How To Check Parquet File Size Limits in Azure Storage

Select Language:

If you’re working with an Azure Data Factory (ADF) pipeline to load a parquet file into a database table, and you’re noticing that the file size slightly increases from one day to the next, it’s usually a sign of added data or minor updates. For example, your file was 16,384 KB on Friday, and now it’s 16,387 KB. This small increase suggests extra data or some new entries were added.

In your case, the file is an exact copy of data from another system, with changes mainly involving site names, enabling/disabling sites, or updating site attributes. You mentioned that six new sites were added, with no other modifications.

Recently, you encountered an error during the load process that looks like this:

ErrorCode=DelimitedTextMoreColumnsThanDefined, ‘Type=Microsoft.DataTransfer.Common.Shared.HybridDeliveryException,Message=Error found when processing ‘Csv/Tsv Format Text’ source {filename} with row number 24702: found more columns than expected column count 30.,Source=Microsoft.DataTransfer.Common,’

This error usually points to the data having more columns than expected. Interestingly, after opening the file with Excel, you confirmed there are no extra columns. The issue likely isn’t with the column count but might be related to the data rows that are causing the error.

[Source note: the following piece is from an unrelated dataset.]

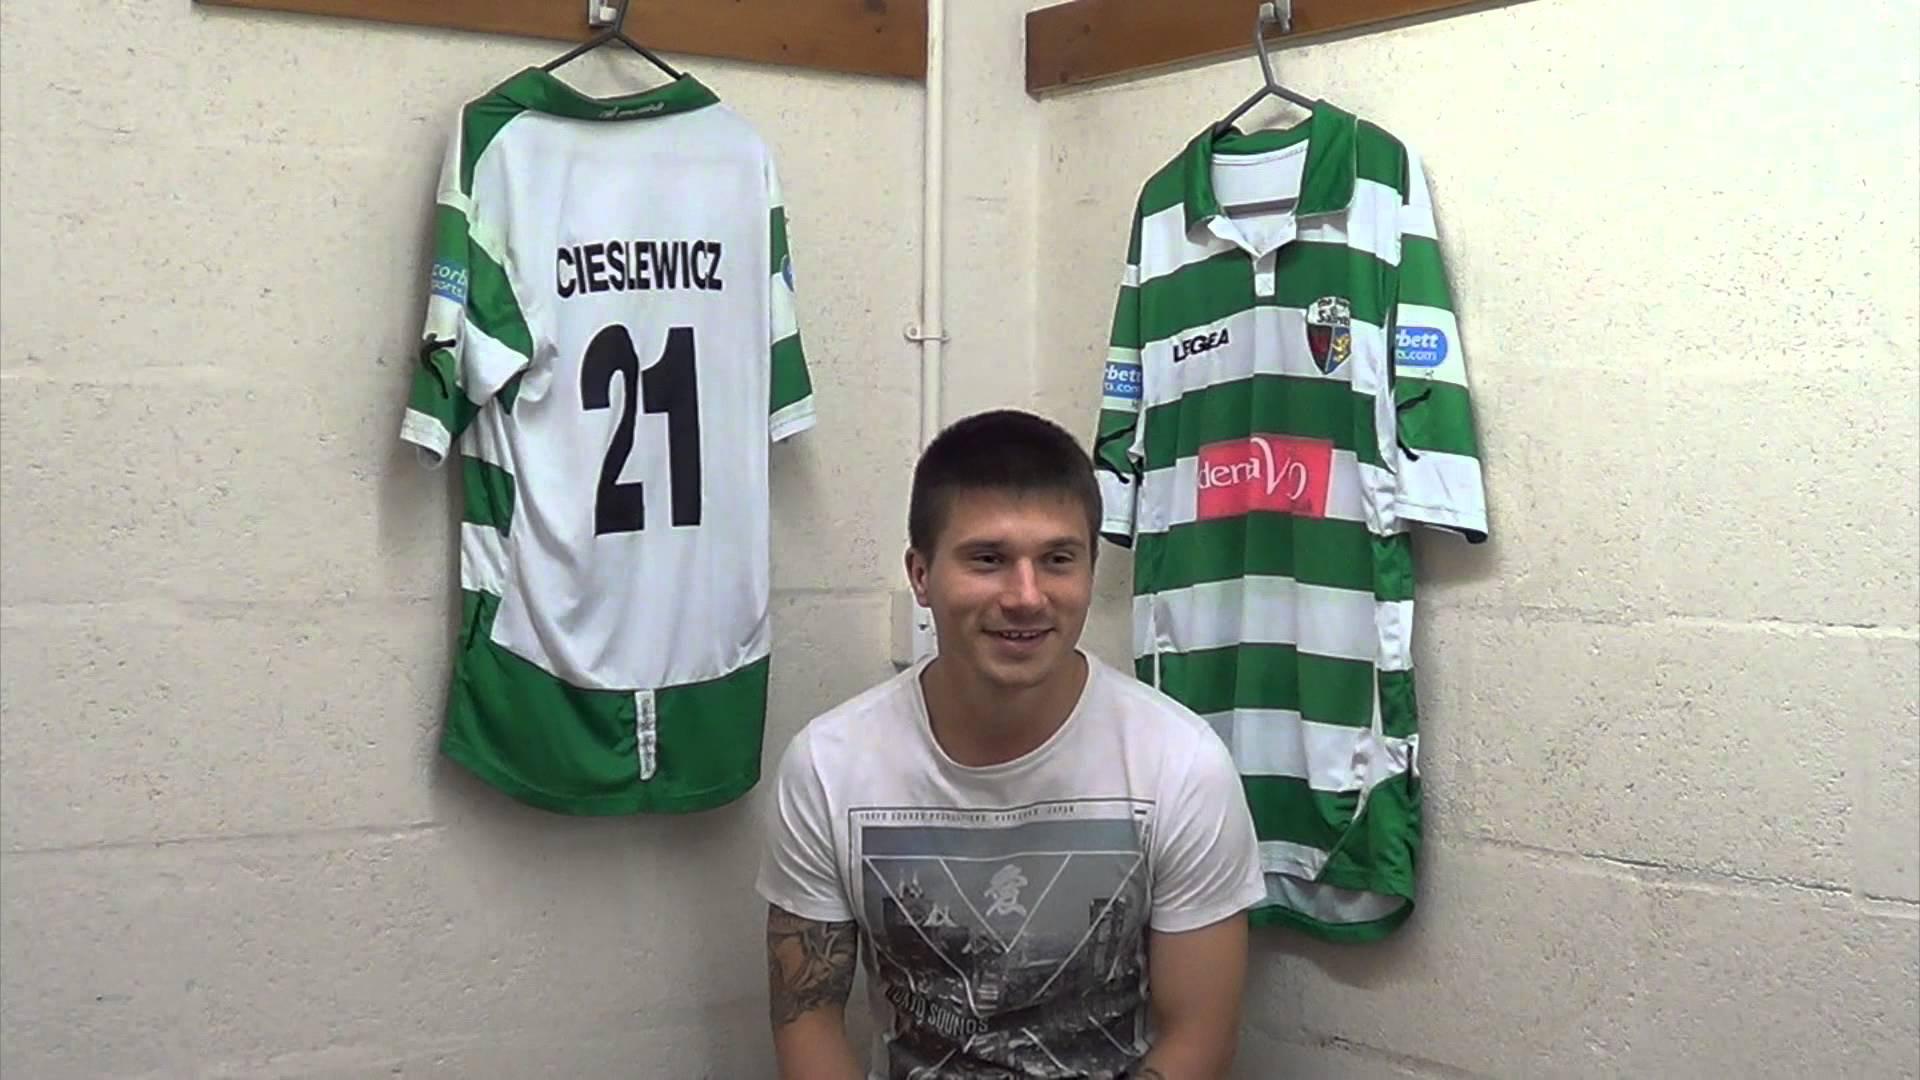 cieslewicz_adrian_calcio_ucl_tns_b36

You also noted that the files that failed contain four more data rows than the last successful load. Sometimes, errors like this happen because of subtle data issues, such as:

Extra delimiters like commas or tabs within the data fields
Missing closing quotes around text fields
Inconsistencies in data formatting

To troubleshoot and fix this problem:

Check the Data Rows: Look closely at the problematic rows (around row 24,702) in the failing file. See if any fields contain extra commas, tabs, or quotes that could cause the parser to misinterpret the columns.
Validate the Formatting: Ensure all text fields are properly enclosed in quotes, especially if they contain delimiters. Any missing or extra quotes can throw off the column count.
Use a Text Editor or Data Validation Tools: Open the full file in a text editor designed for large files, like Notepad++ or VS Code, to examine the specific rows more easily.
Compare Files: Since the only recent changes involve added sites, compare the last successful file with the current, problematic file. Look for differences in data entries around the problematic rows.
Test with a Subset: Create a smaller version of the file that includes just the failed rows and see if the error persists. This can help isolate the issue.
Review Data Generation: If the data files are generated automatically, double-check the generation process to ensure it handles special characters correctly.

Following these steps should help you pinpoint the cause of the “more columns than expected” error. Once identified, cleaning up the data so that it conforms to the expected format will allow the pipeline to load without issues again.